Идея религиозно-нравственного переворота в философских взглядах Толстого и осмысление революции Блоком
Еще большее внимание к творчеству и философским идеям Толстого у Блока вызывают события первой русской революции.
В статье «Интеллигенция и революция» Блок соотнесет революцию и природные стихийные силы: «Революция, как грозный вихрь, как снежный буран» [12. С. 12]. Само сопоставление революции и природной стихии, иррациональных сил природы является устойчивым в литературной традиции, в общем виде оно присуще практически всем, кто писал о революции и ее последствиях для России. Однако, если присмотреться внимательнее к размышлениям Блока на эту тему и к характеру художественных образов, возникающих в связи с революционными событиями, можно увидеть, что его идейные поиски созвучны поздним религиозно-философским представлениям Толстого.
В лирике и публицистике Блока революционные события чаще всего художественно выражаются через образ вьюги-метели. В поэтическом цикле «Снежная маска» образ вьюги оформлял тему стихийных страстей и был связан с образом страстной героини. Революционная эпоха с ее поднявшимися иррациональными, стихийными силами также врывается в мир ветром и вьюгой («Ветер, ветер — // На всем божьем свете!» «Ветер веселый // И зол, и рад» [13. С. 7, 9]). В поэме «Двенадцать» ветер становится не просто эквивалентом революционных событий, он сливается с поднявшимся стихийным народным движением: «Это — ветер с красным флагом // Разыгрался впереди…» [13. С. 19].
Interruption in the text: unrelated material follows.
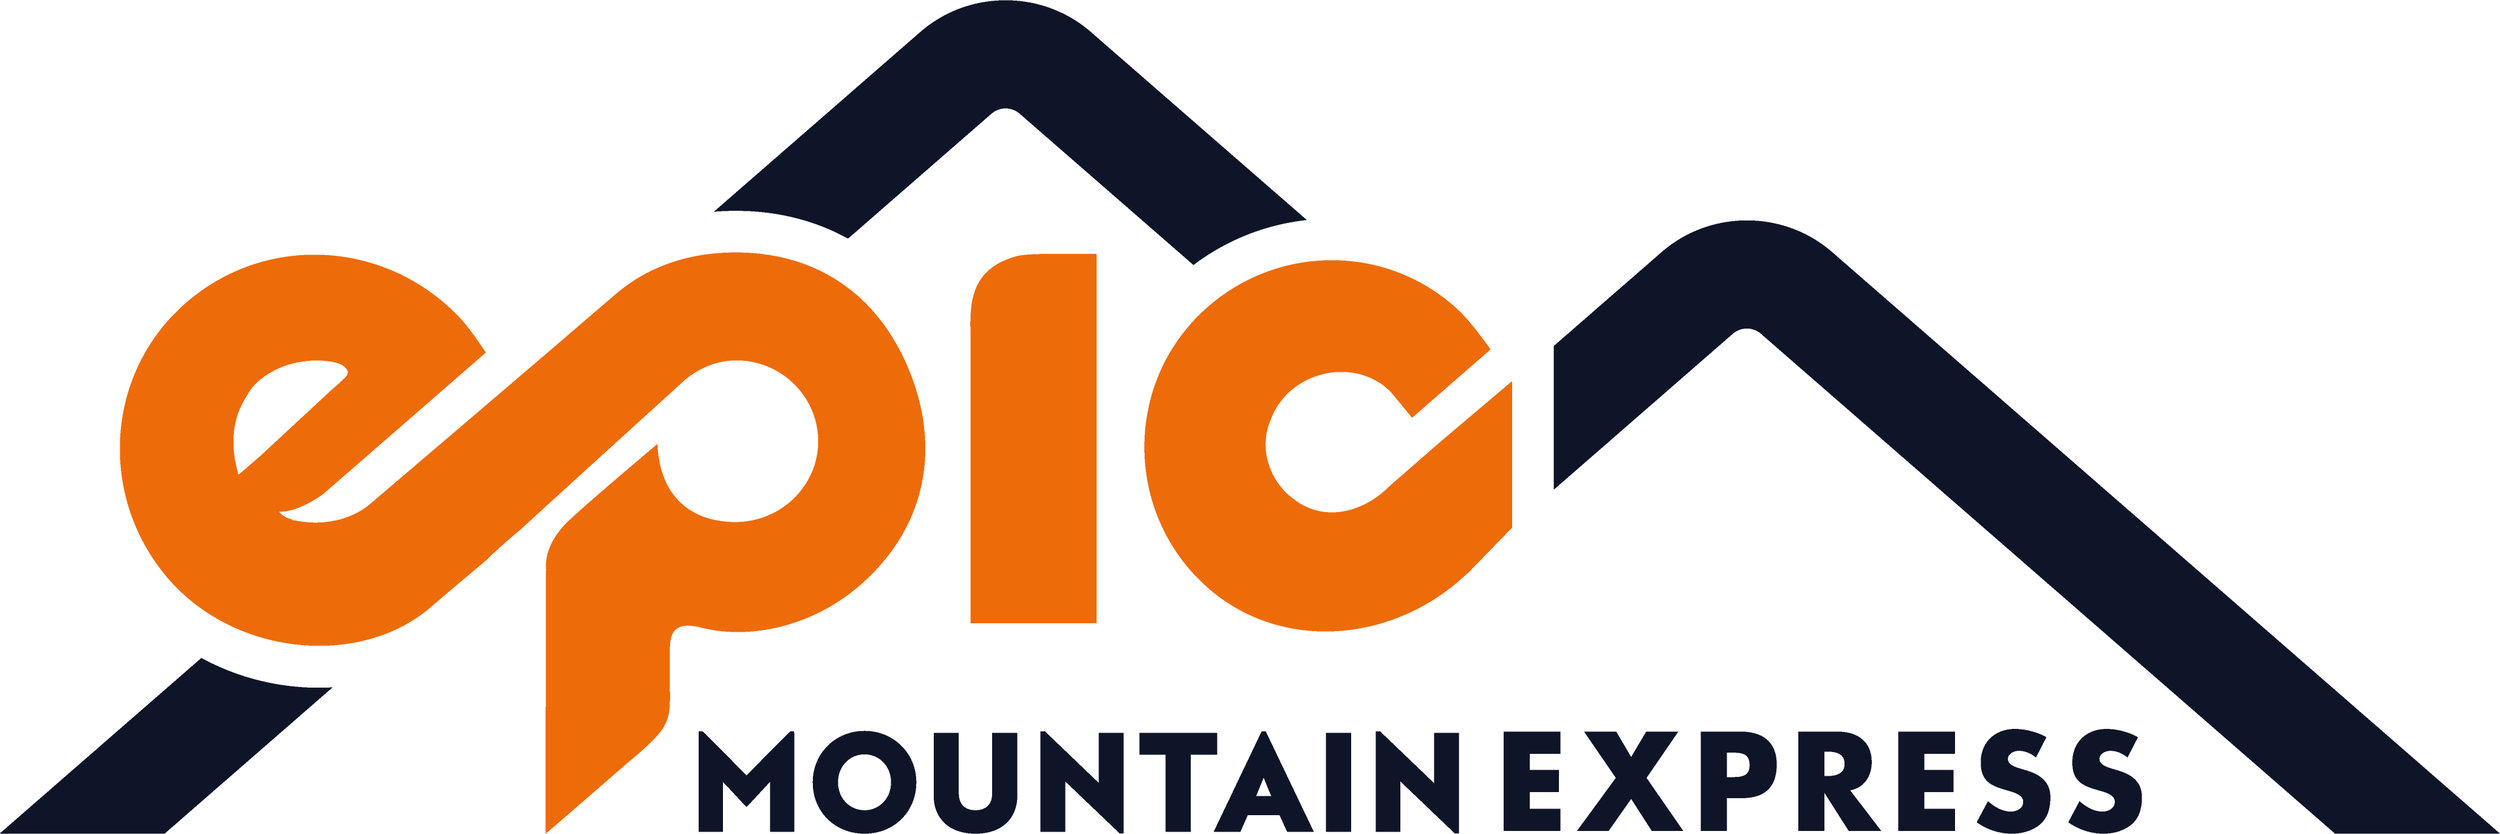 EPIC Mountain Express Logo_Web.jpg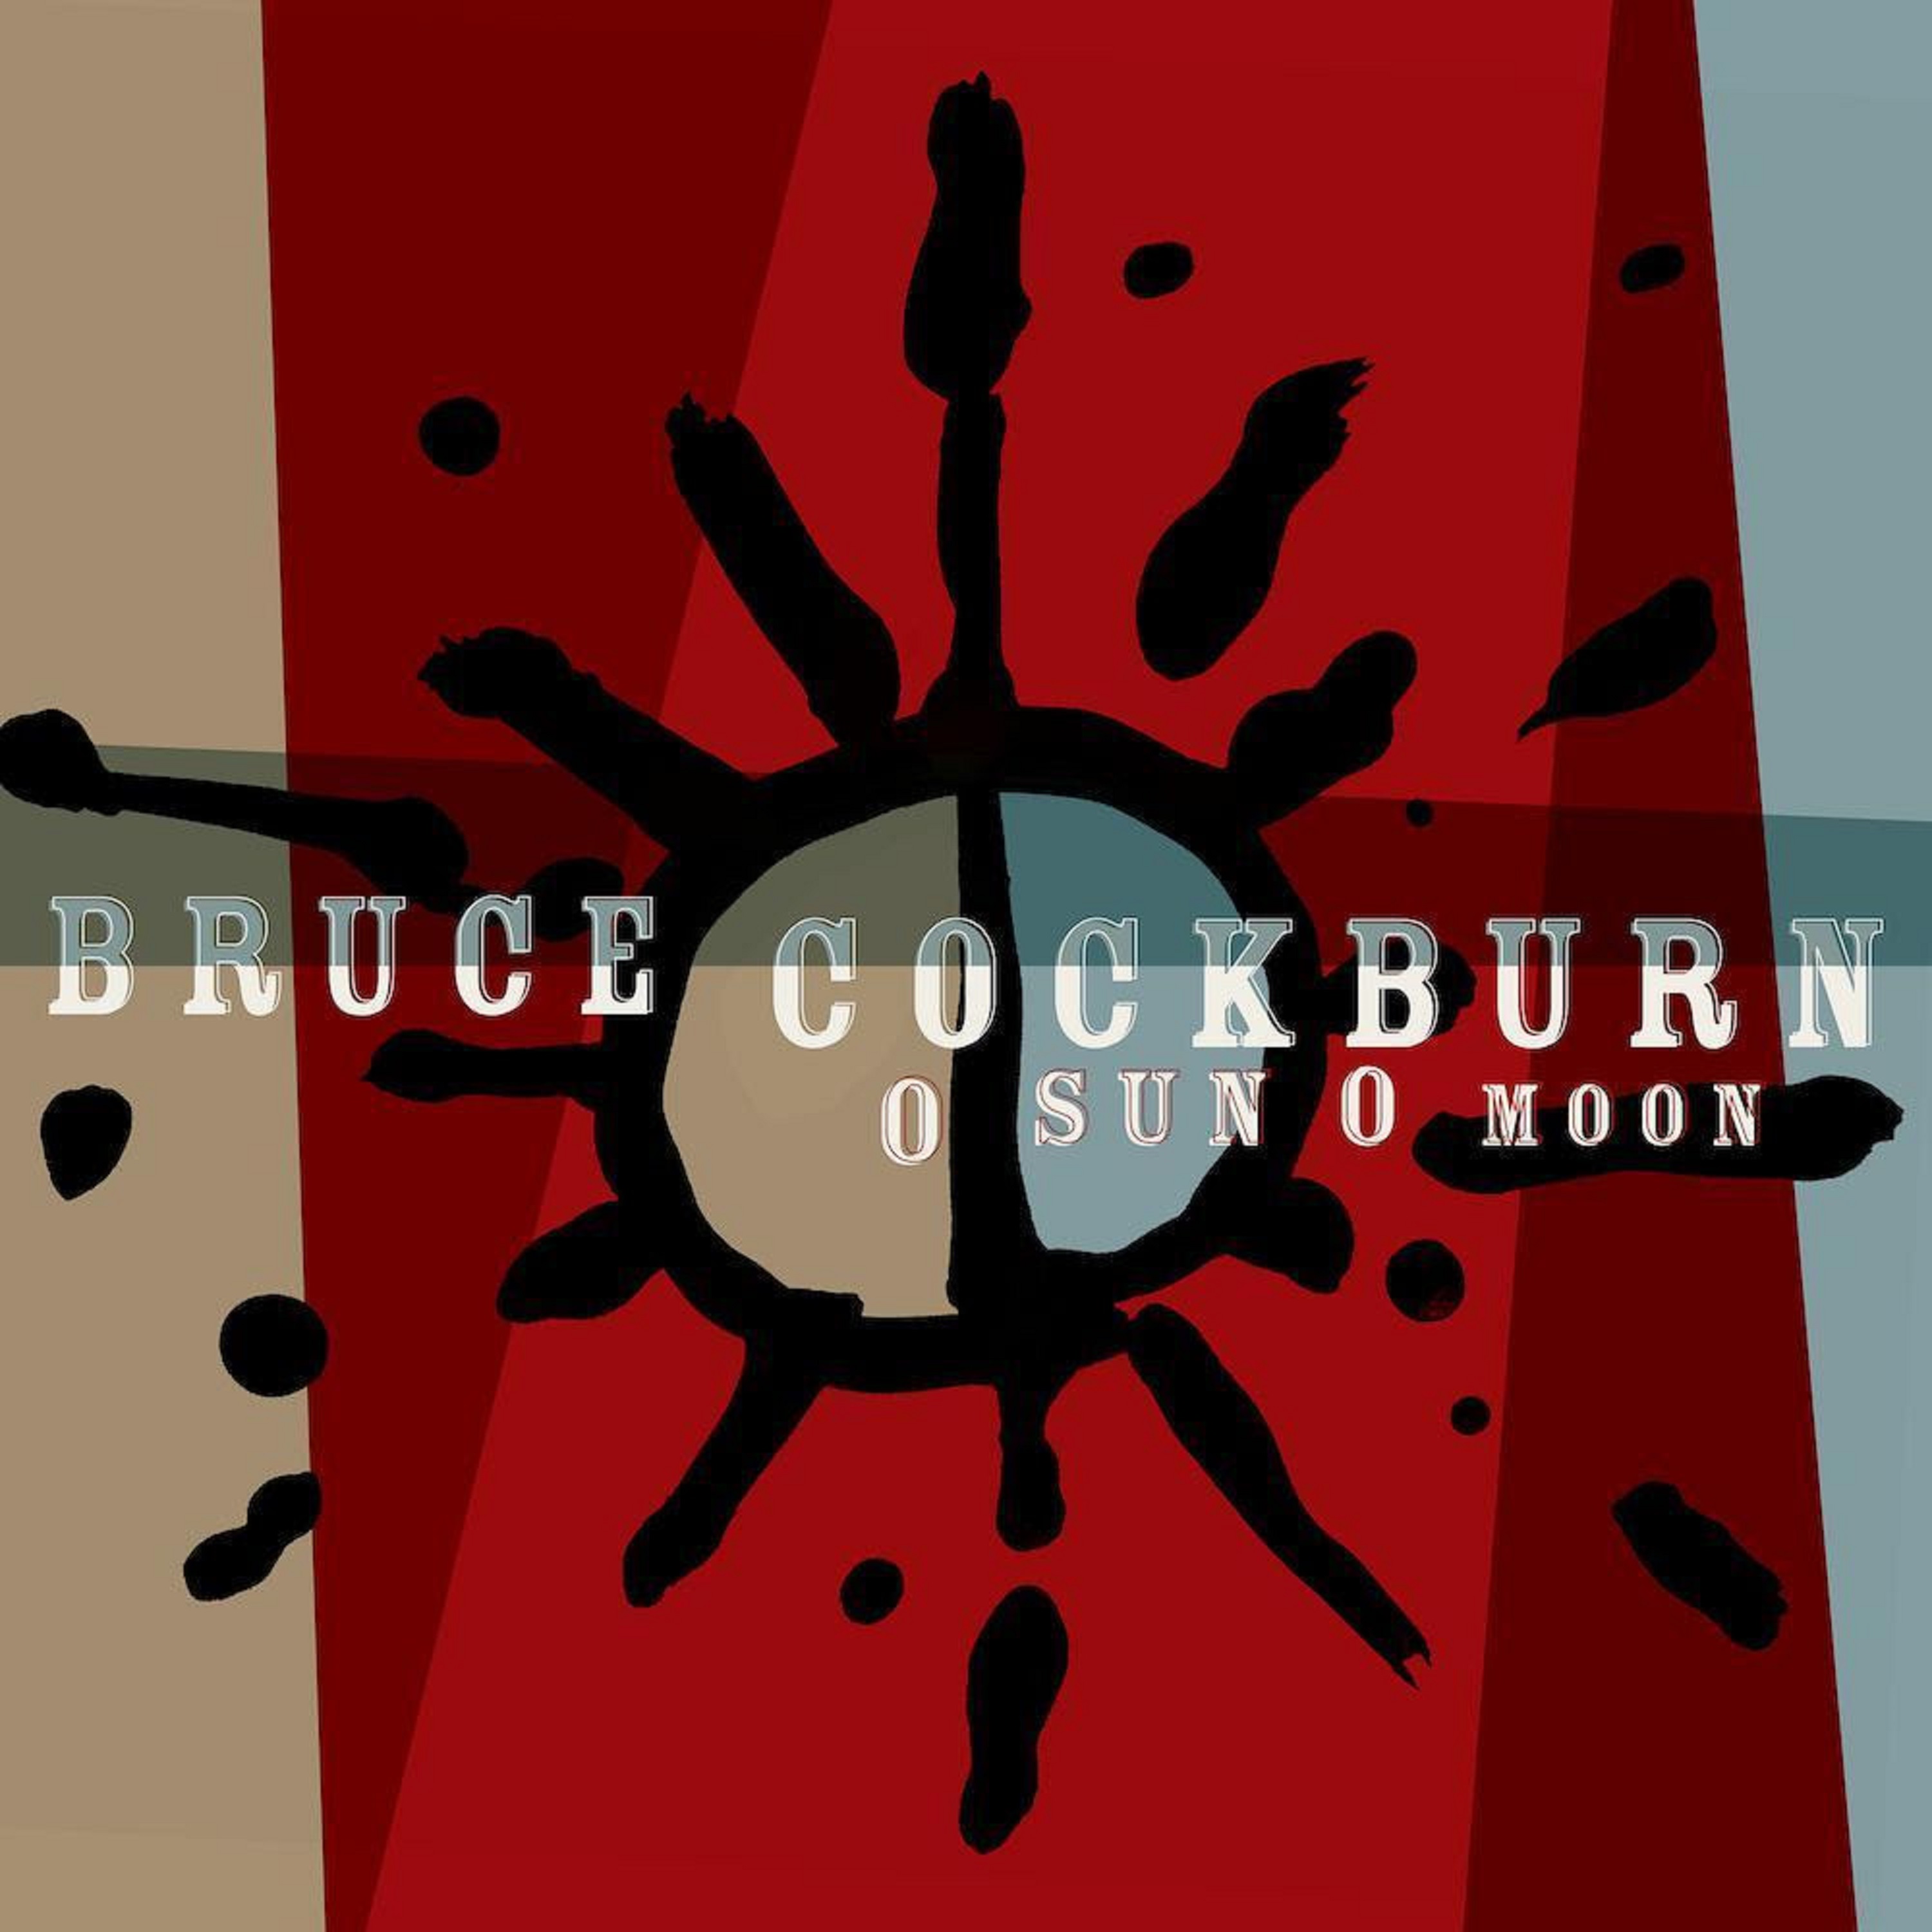 Bruce Cockburn's new album O Sun O Moon out now

Пытаясь понять особенности использования Блоком этих образов, мы должны обратиться к богатой традиции изображения стихийных сил природы, снежной метели в предшествующей русской литературе. Движение через метель сбившихся с пути путников — важный литературный сюжет [14], приобретший символическое значение благодаря лирическим произведениям А.С. Пушкина и его повести «Метель» (1830), а также благодаря «Метели» (1856) Л. Толстого и его же повести «Хозяин и работник» (1895). В поздней повести Толстого метель, ломающая естественные пространственные формы, смещающая все привычные ориентиры, символизирует саму энергию жизни, которая требует нового оформления. Путь героев Толстого через метель выражает необходимость разрушения старых форм жизни, в которых они были замкнуты и которые не позволяли им раскрыть свою подлинную человеческую сущность, и требование к созданию совершенно новых форм, выявляющих жизнь в ее духовном содержании. Повесть Толстого выразила важнейшие мировоззренческие установки писателя, которые он развивал на протяжении 1980–1900-х гг. и которые оказались связанными с идеей великого религиозно-нравственного переворота, необходимого человечеству.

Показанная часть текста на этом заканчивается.